The Knowledge Graph Track contains isolated knowledge graphs with instance and schema data. The goal of the task is to match both the instances and the schema. The knowledge graphs were created in the course of the DBkWik by running the DBpedia extraction framework on Wikis from the Fandom Wiki hosting platform. The evaluation process of the Knowledge Graph Track will be supported by SEALS platform.
The preliminary results for OAEI have been generated and are available now: Link to results page
The data set is available from this Web page (see below).

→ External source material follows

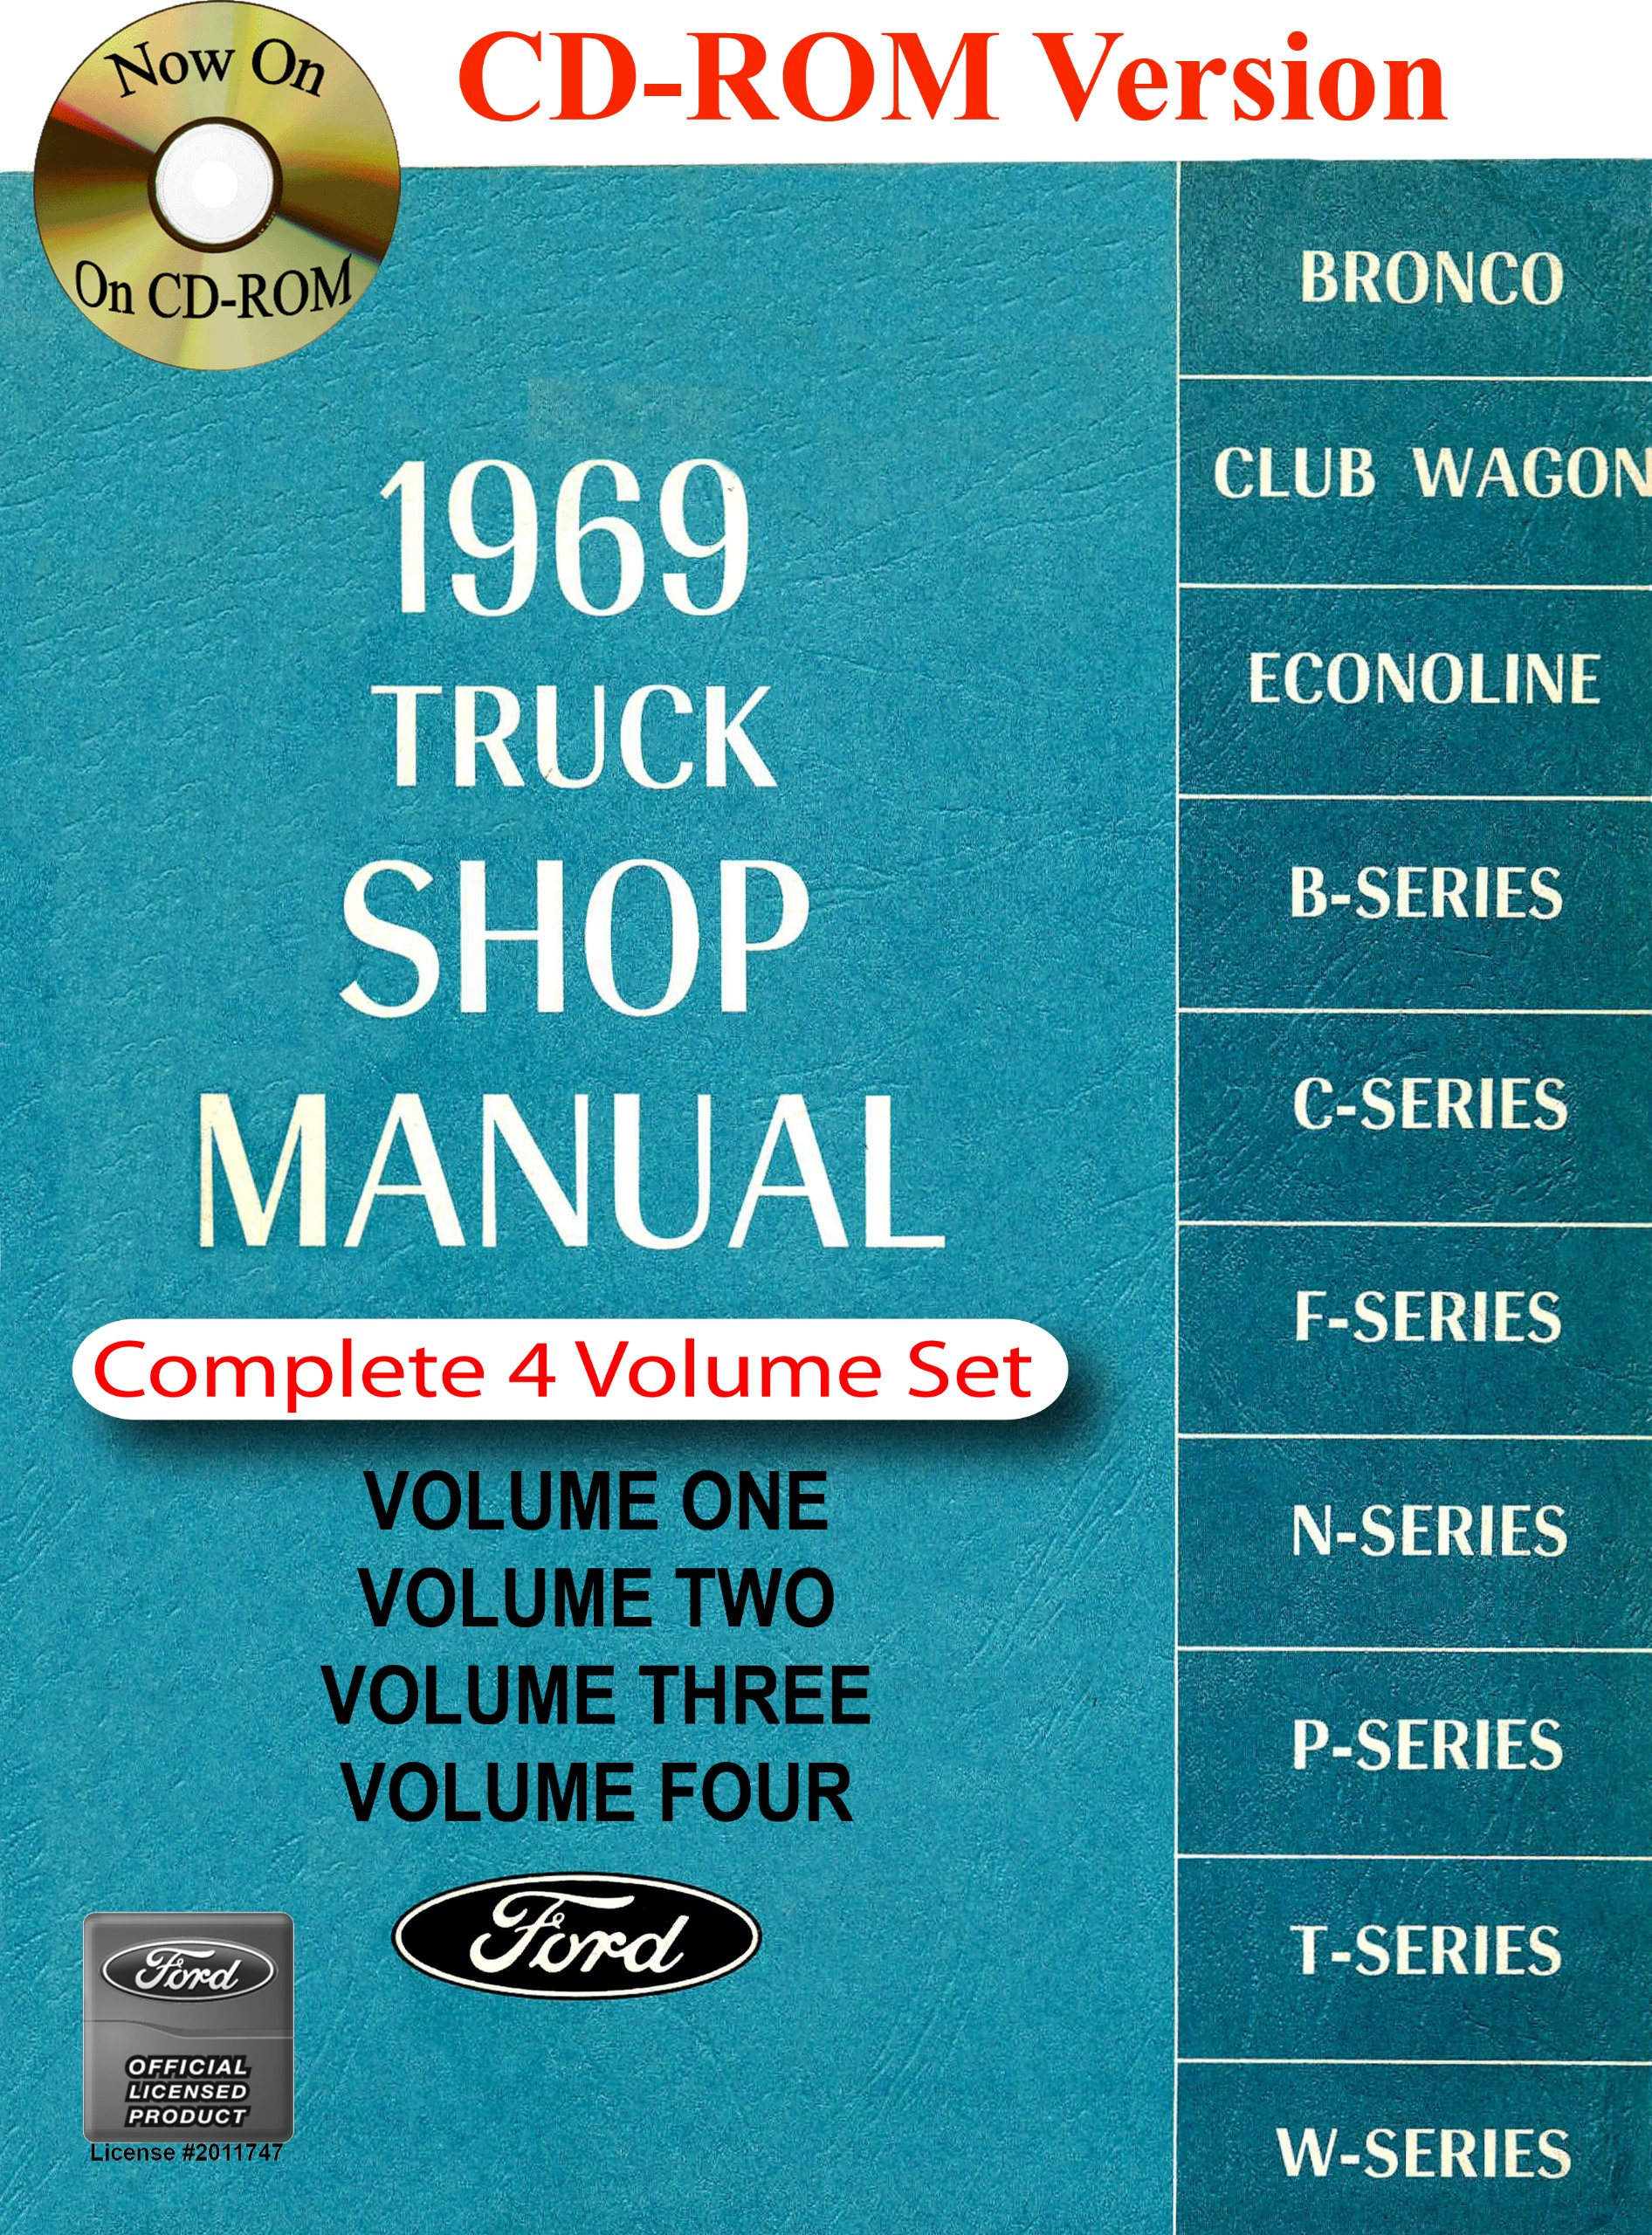 1969 Ford Truck Shop Manual: Ford Motor Company, David E. LeBlanc:  9781603710770: Amazon.com: Books

You can either download them for local analysis and processing, or you can directly use the SEALS platform. For running the Knowledge Graph test suite, you will have to specify the following input parameters:
For the evaluation, we use a gold standard of correspondences both on the schema and the instance level. While the schema level correspondences were created by experts, the instance correspondences were extracted from the "External links" section of the wiki pages. Due to the large amount of instances and classes this gold standard is only a partical gold standard.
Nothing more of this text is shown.